▸ **Dataset content**:

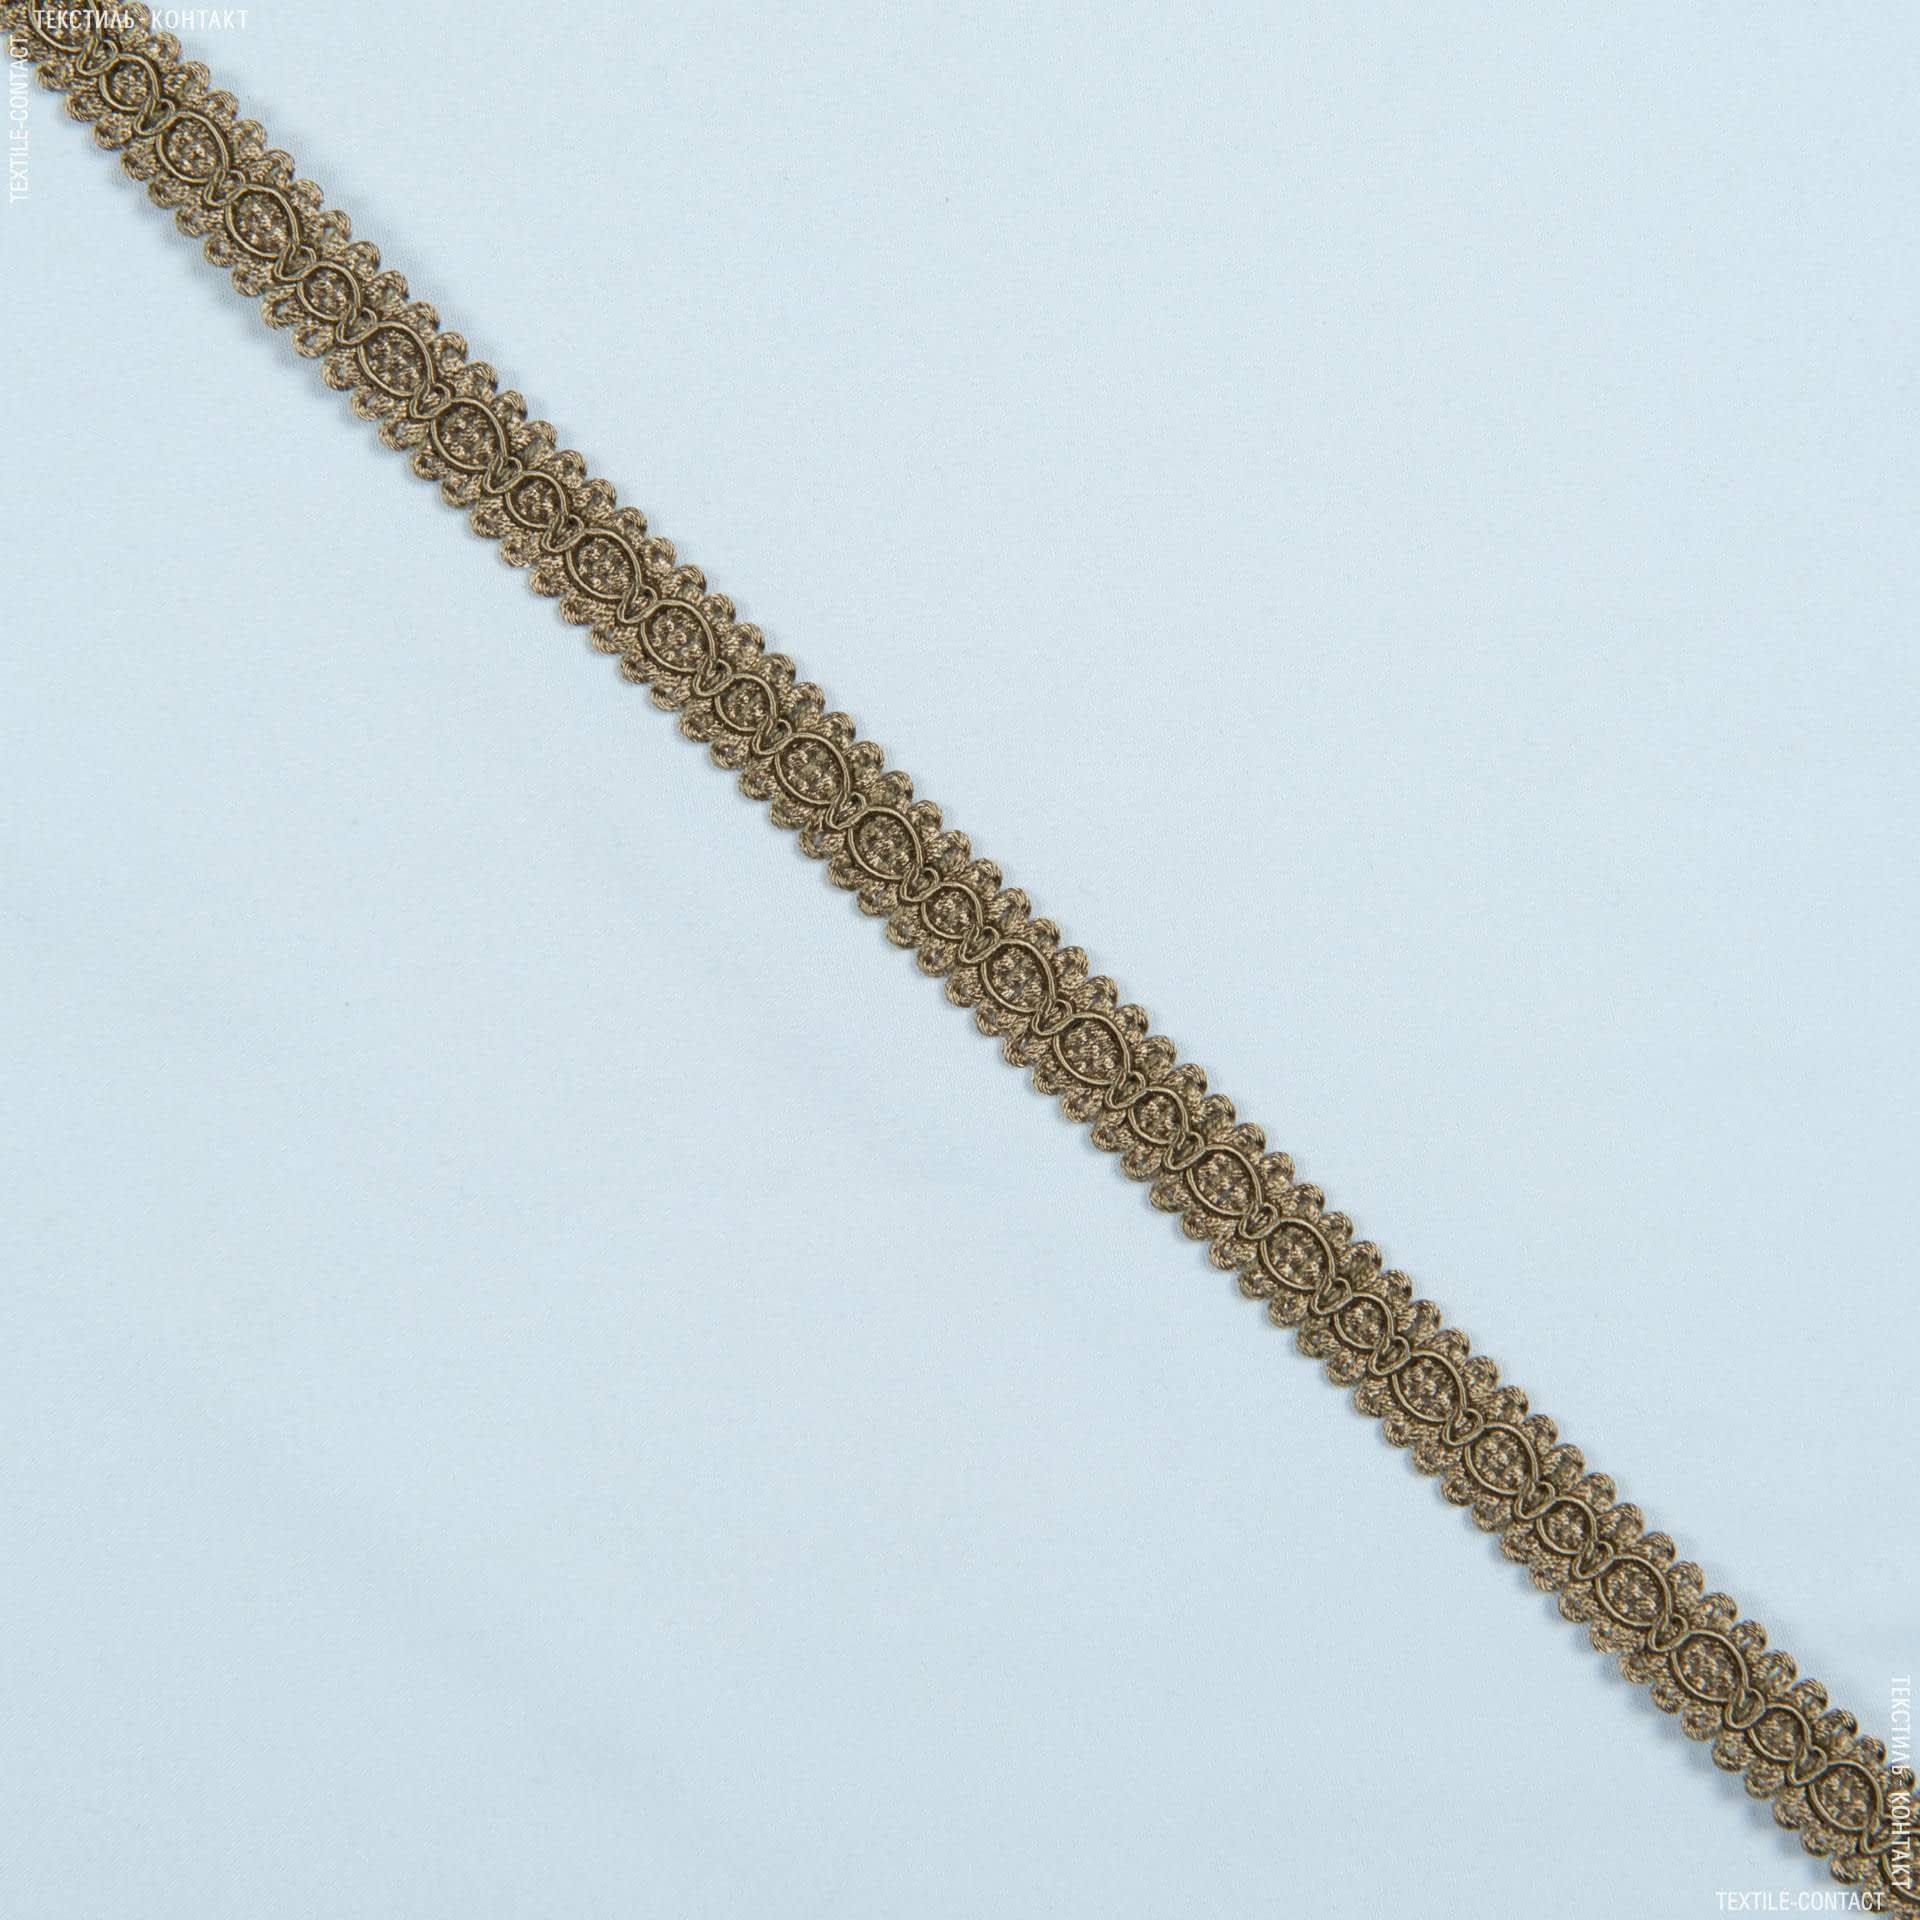 Ткани фурнитура для дома - Тесьма окант. Солар, кофе с молоком 1.3см
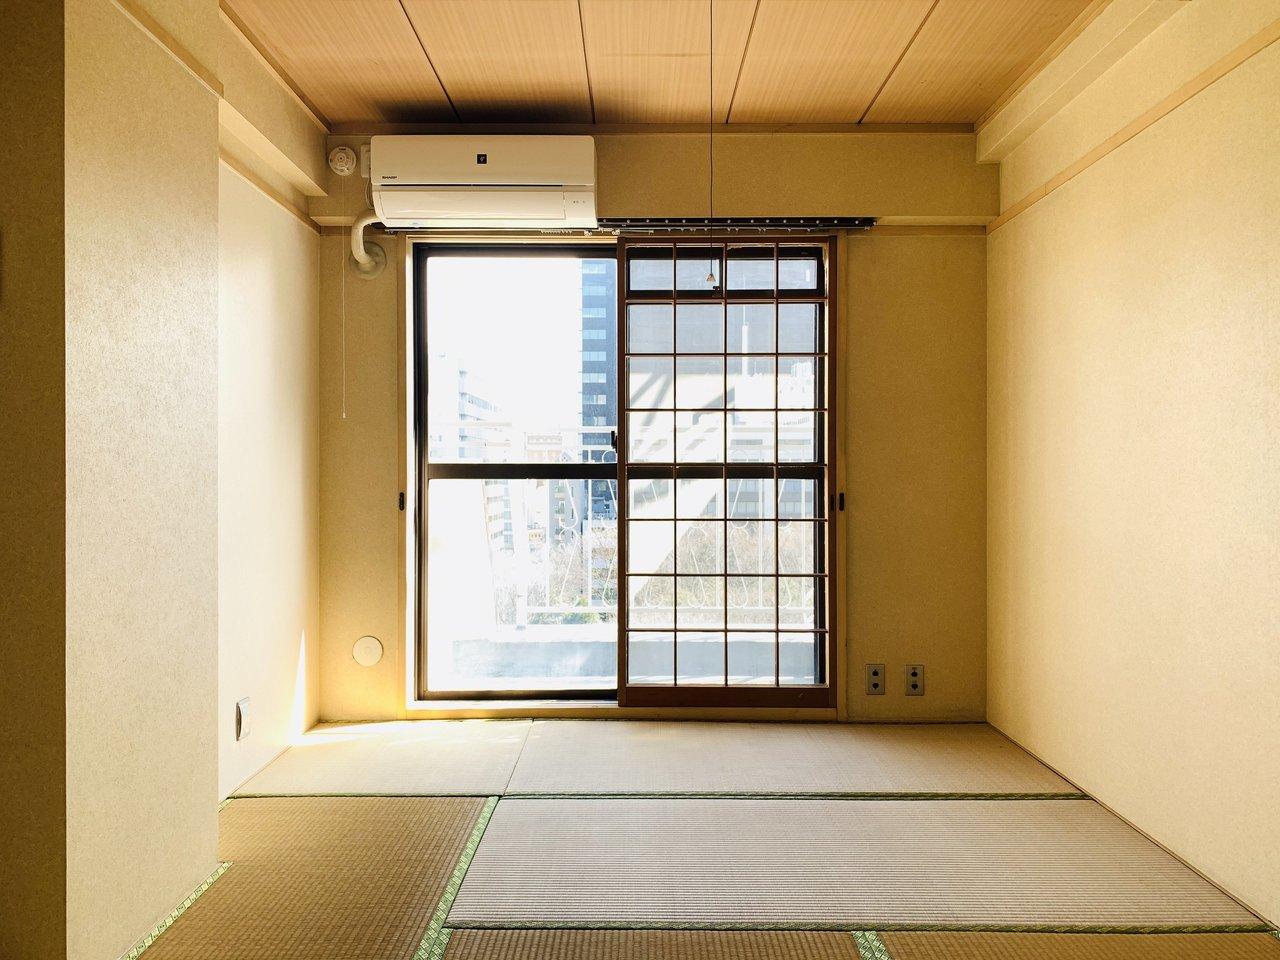 もう一部屋は和室になっていました。うまくアレンジして雰囲気ある寝室を作ってみるのも面白そう。
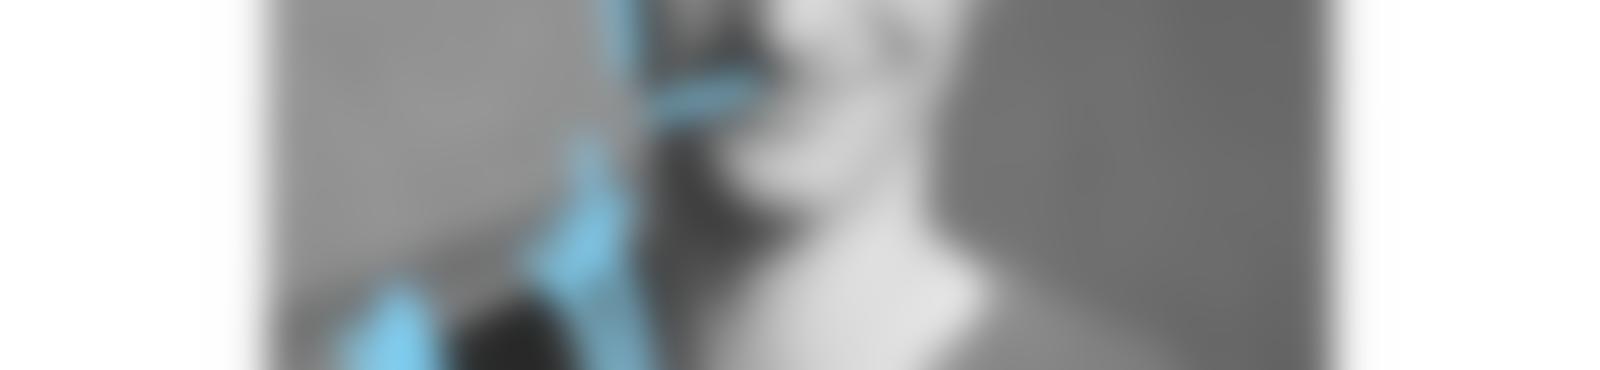 Blurred dd5d81ff 34d5 473b 83a7 233afd3c9fde
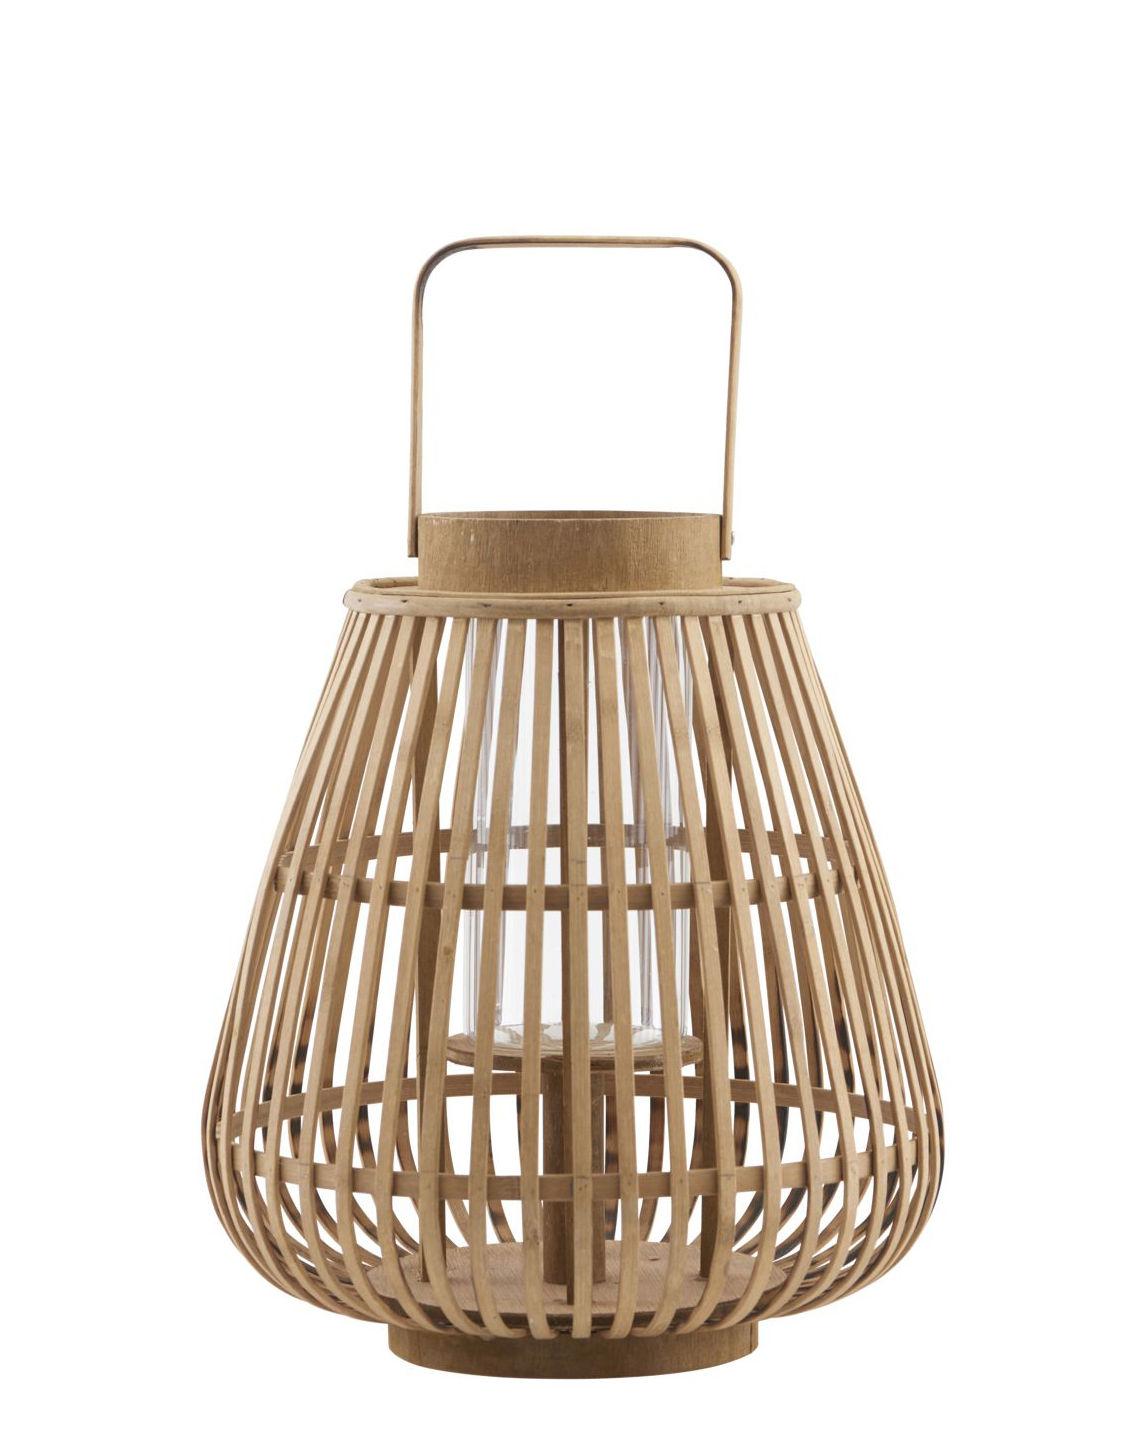 valu bambus h 33 cm house doctor laterne. Black Bedroom Furniture Sets. Home Design Ideas

▸ **What you have to do**: The whole listing is to be retyped exactly, with its pictures removed.

▸ **Task response**:
 Ткани фурнитура для дома - Тесьма окант. Солар, кофе с молоком 1.3см
 もう一部屋は和室になっていました。うまくアレンジして雰囲気ある寝室を作ってみるのも面白そう。
 Blurred dd5d81ff 34d5 473b 83a7 233afd3c9fde
 valu bambus h 33 cm house doctor laterne. Black Bedroom Furniture Sets. Home Design Ideas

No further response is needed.